For the noise reduction a Dual-Signal Transformation Long short-term Memory (LSTM) Network was utilised. The DTLN is a combination of short-time Fourier transformation (STFT) and LSTM layers, structured in a way that allows for the effective separation of noise from the desired audio signal. To facilitate real-time application, the DTLN was converted to TensorFlow Lite format, enabling efficient execution on the Raspberry Pi 4B. The model has a size of 373,676 parameters and demonstrates rapid readiness with a loading time of 0.41 seconds. Such efficiency underscores the model's suitability for on-device acoustic signal processing. Figure 9 depicts the waveform of an audio recording in which a person's request for help is combined with the noise of propellers. The figure illustrates the audio signal before and after processing with the DTLN model, showcasing the noise reduction capabilities of the model. The SNR for this particular setup was -10.05.

Figure 9. Waveform of the a) noisy sample and b) clean sample after the application of the DTLN algorithm.

Furthermore, WP6 has completed its testing phase and was successfully integrated into the TeamAware Platform. The final results, after conversion into JSON format, are sent in real-time, every second, to the platform, and the output is visualized on the map.

During the workshop held in Bursa in September 2023, and subsequent validation tests at the CERTH facilities, the ADS underwent extensive testing in a variety of scenarios. These tests encompassed both indoor and outdoor environments, and the system was evaluated at multiple distances. The ADS's performance across these diverse conditions showcased its remarkable effectiveness as a tool tailored for first responders. The ADS effectively fulfills the end-user requirements, highlighting its potential as a valuable tool in emergency situations.

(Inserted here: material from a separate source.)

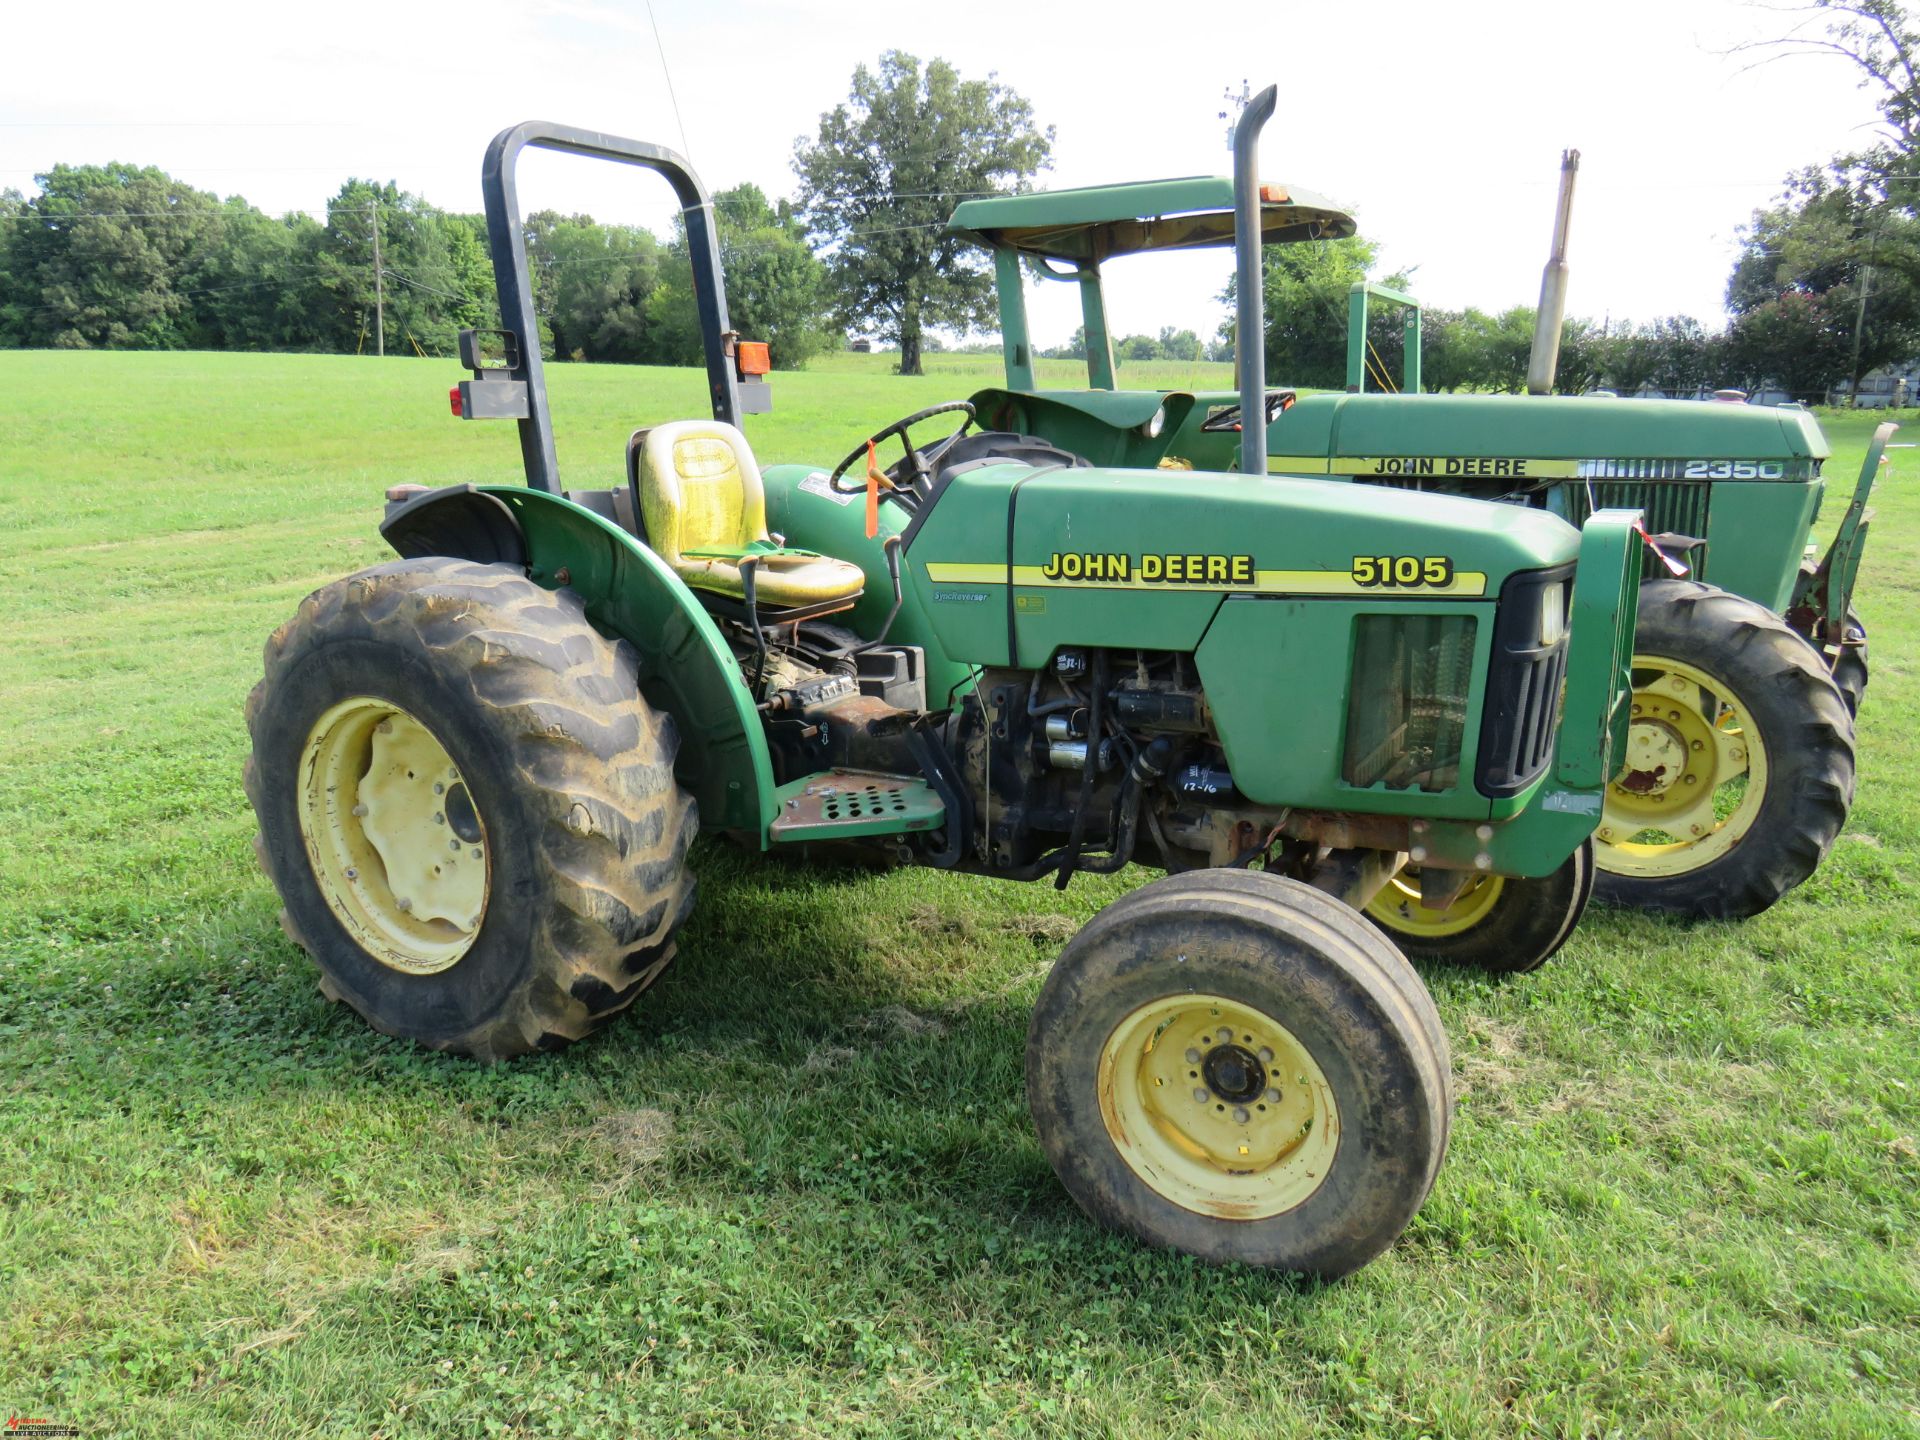 2004 JOHN DEERE 5105 TRACTOR, 3PT, NO TOP LINK, HAS PTO, 16.9-24 TIRES, NON-RUNNING UNIT, FOR - Image 2 of 7

Figure 10. Screenshot of the validation tests conducted at the Bursa workshop.
Figure 11. Screenshot of the validation tests conducted at CERTH premises.

Contact

Monica Florea
Administrative Coordinator

European Projects Department
SIMAVI
Soseaua Bucuresti-Ploiesti 73-81 COM
Bucuresti/ROMANIA

Email:

Çağlar Akman
Technical Coordinator

Command and Control Systems
HAVELSAN
Eskişehir Yolu 7 km
Ankara/TURKEY

Email:

This project has received funding from the European Union’s Horizon 2020 research and innovation programme under grant agreement No 101019808.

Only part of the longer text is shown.